The path of least resistance likely for global risk assets is down

Fears that aggressive rate hikes by inflation-fighting central banks around the globe could lead to a recession theme are broad-based, and the relief in global stocks this week, reversing the losing streak from the worst week since the pandemic throes in 2020, is likely to be short-lived as traders return to Wall Street after a long weekend.

Investors’ sentiment and trading strategies show the path of least resistance for global risks assets being downside. 

“It is, of course, very quiet, thanks to the US holiday yesterday, so there is nothing on the equity front to report, or Treasuries either. For what it is worth, which may not be very much, US equity futures are currently positive…though it’s anyone’s guess if that’s how it looks tomorrow morning after a day’s trading,” said Robert Carnell, Regional Head of Research for Asia-Pacific at ING.

“Asian equity futures look cautiously optimistic this morning in anticipation,” he added.

Indeed, US share futures and Asian stocks turned higher on Tuesday as the markets paused and took stock after a recent steep selloff.
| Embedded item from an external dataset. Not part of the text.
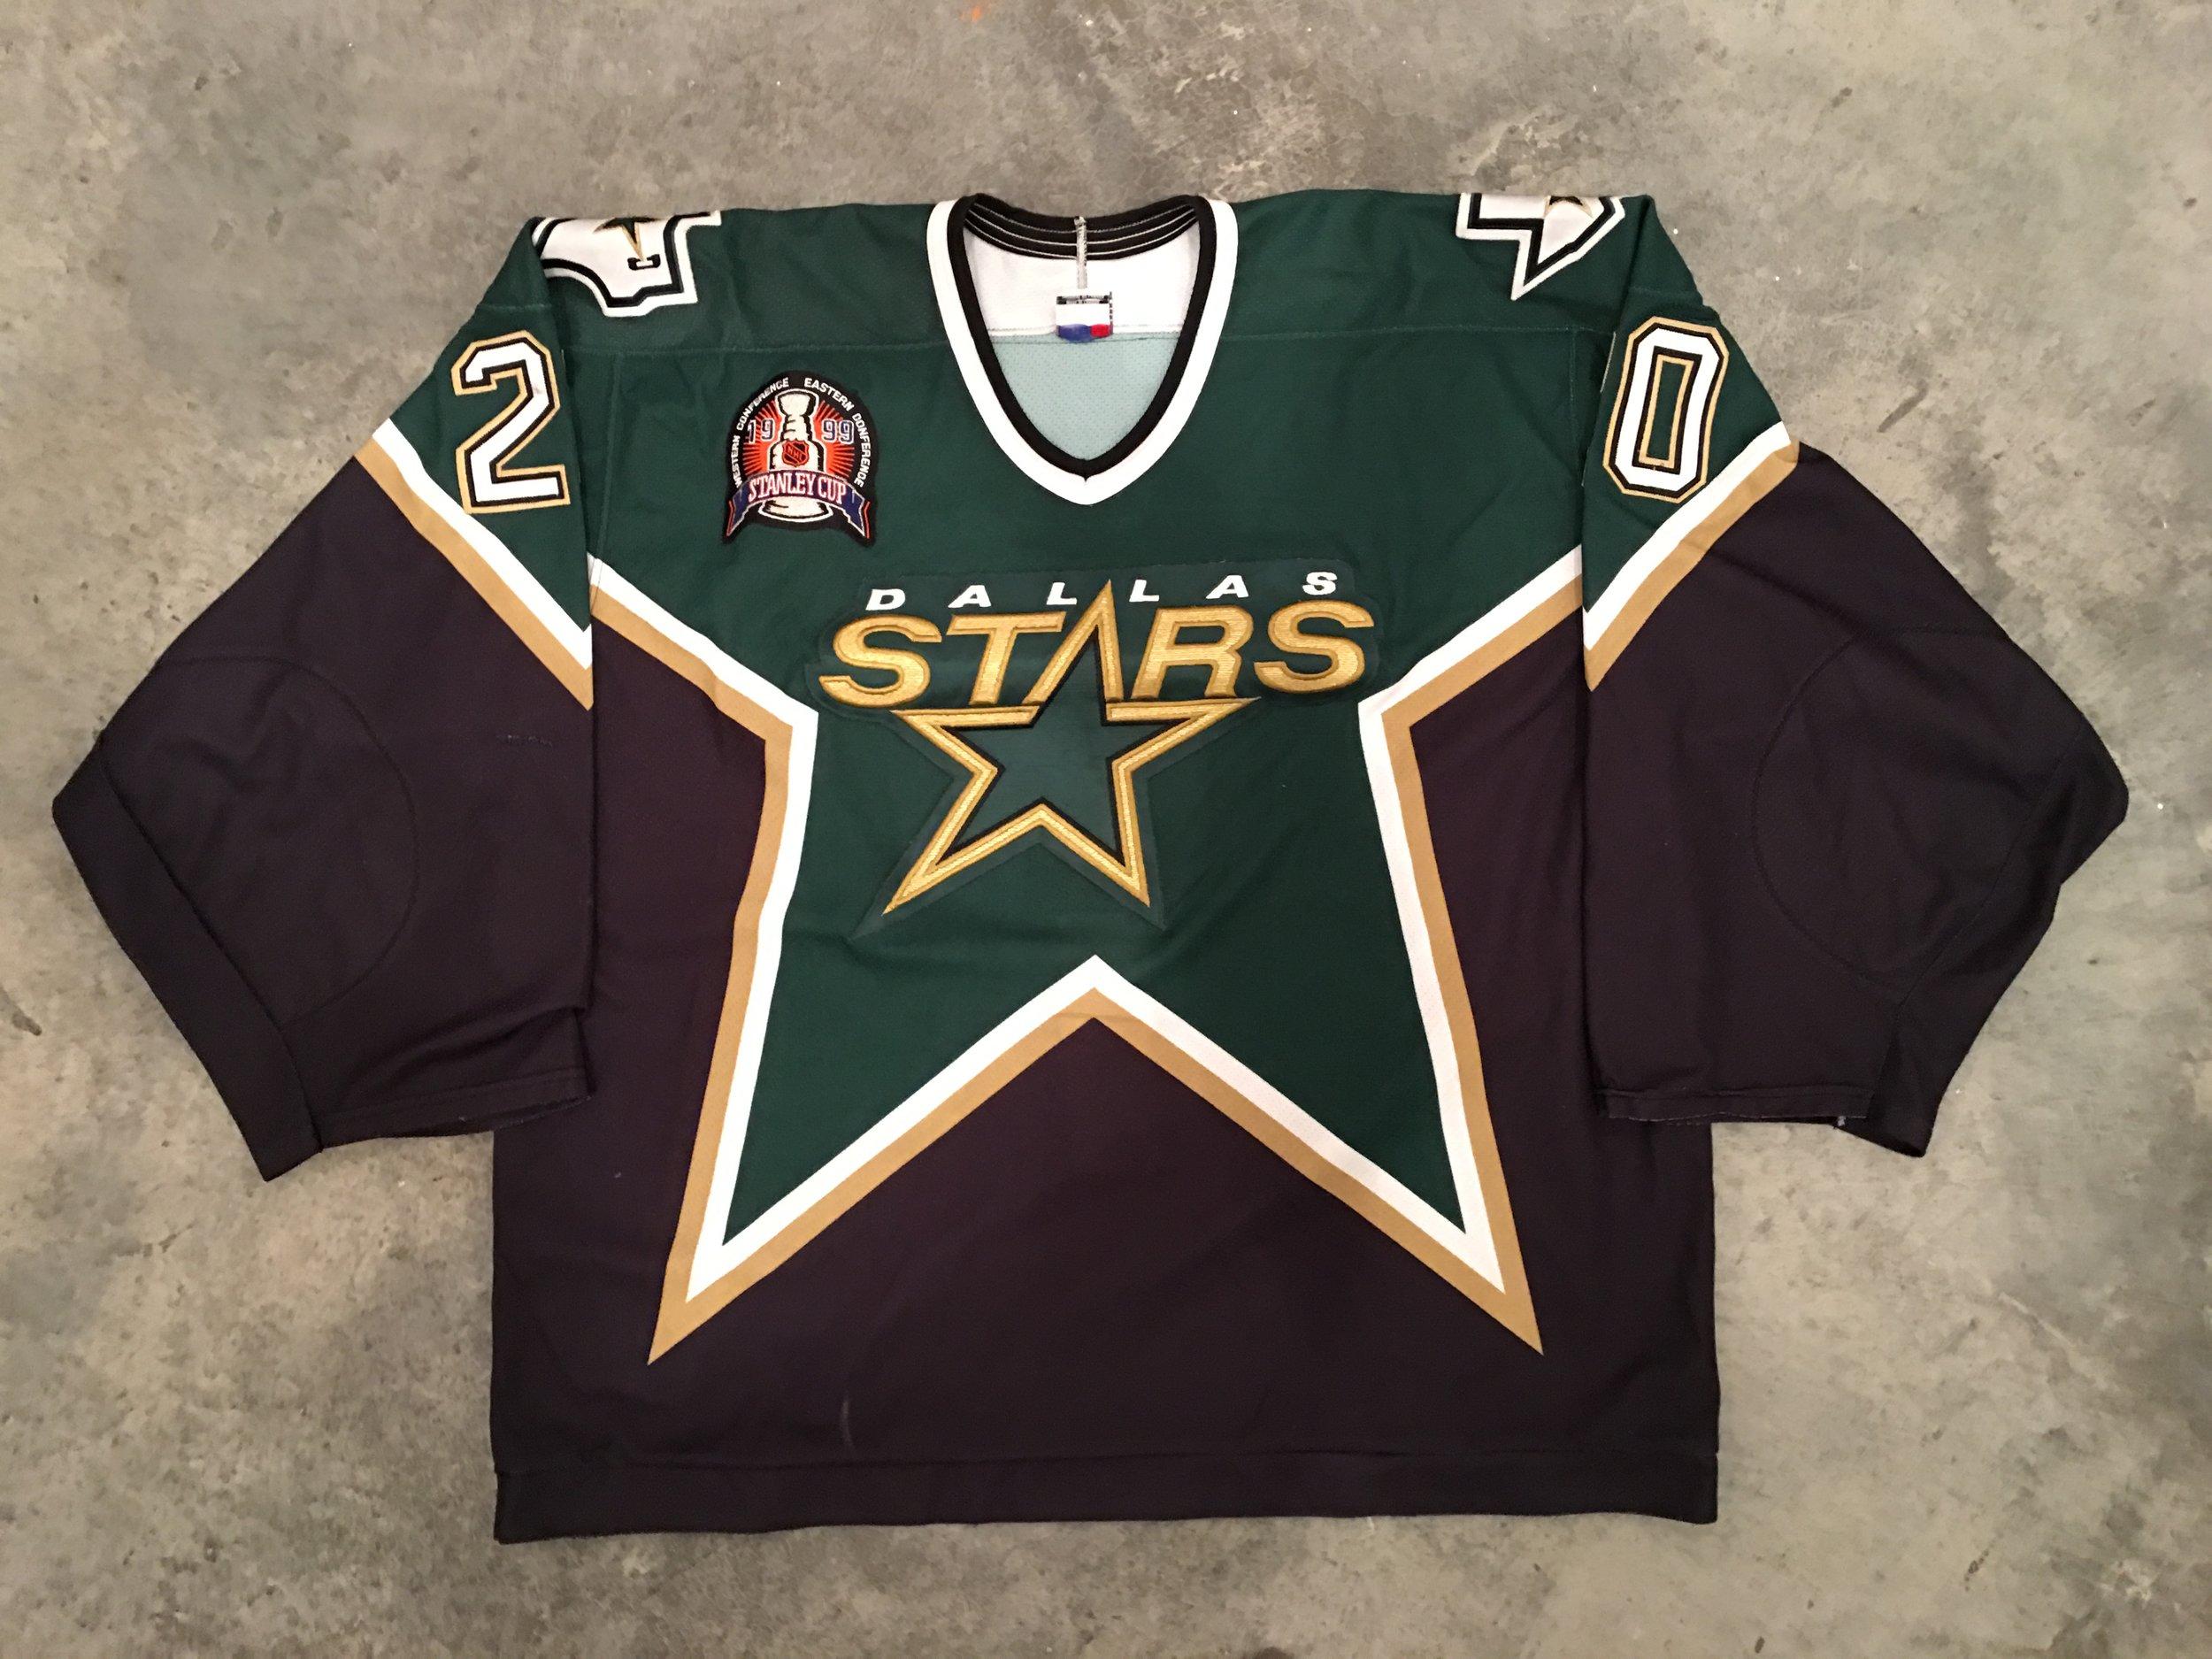 1999 Dallas Starts Stanley Cup Finals Game Worn Road Jersey - Ed Belfour

Still, concerns remain that aggressive tightening to curtail decade-high inflation could spark a global recession.

“I think the green that we’re seeing this morning is not necessarily a function that people are moving back in towards risk assets,” Kerry Craig, global market strategist at JPMorgan Asset Management, told Reuters.
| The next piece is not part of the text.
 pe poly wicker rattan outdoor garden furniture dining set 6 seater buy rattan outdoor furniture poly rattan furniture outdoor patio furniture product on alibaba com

“It’s just the normal behaviour on the very large selloff to get some reprieve and breathing space come through because fundamentally, nothing has changed on the macro front last week.”

With the broad themes still in play and battered and confused investors remain uncertain, especially after the magnitude of the meltdown from last week, similar to financial markets’ reaction to fears of a global economic recession from the pandemic in 2020, which was more or less accurate.

What is clear is that investors are bracing for more bold action and, in some cases, unprecedented tightening moves.

While Indian equity benchmarks have staged a rebound so far, after having lost the entire worth of Reliance’s market capitalisation in just six days, there has been nothing in the domestic calendar to drive the markets.

Reserve Bank of Australia (RBA) Governor Philip Lowe, who pointed in a speech to further rate hikes, was the latest to weigh in on higher borrowing rates sentiment.

“As we chart our way back to 2 to 3% inflation, Australians should be prepared for more interest rate increases,” Mr Lowe warned. “The level of interest rates is still very low for an economy with low unemployment and that is experiencing high inflation.”

Oil prices swung higher with traders focusing on tight supplies over slowing global economic growth, with Brent crude still elevated above $110 per barrel.

What is likely to further dent global sentiment is the US plans to impose further sanctions on Russia for its invasion of Ukraine, underscoring sentiment the war on the edge of Europe is not likely to abate anytime soon.

Indeed, a Reuters report showed that Treasury Secretary Janet Yellen said on Monday that the United States is in talks with Canada and other allies globally to further restrict Moscow’s energy revenue by imposing a price cap on Russian oil without causing spillover effects to low-income countries.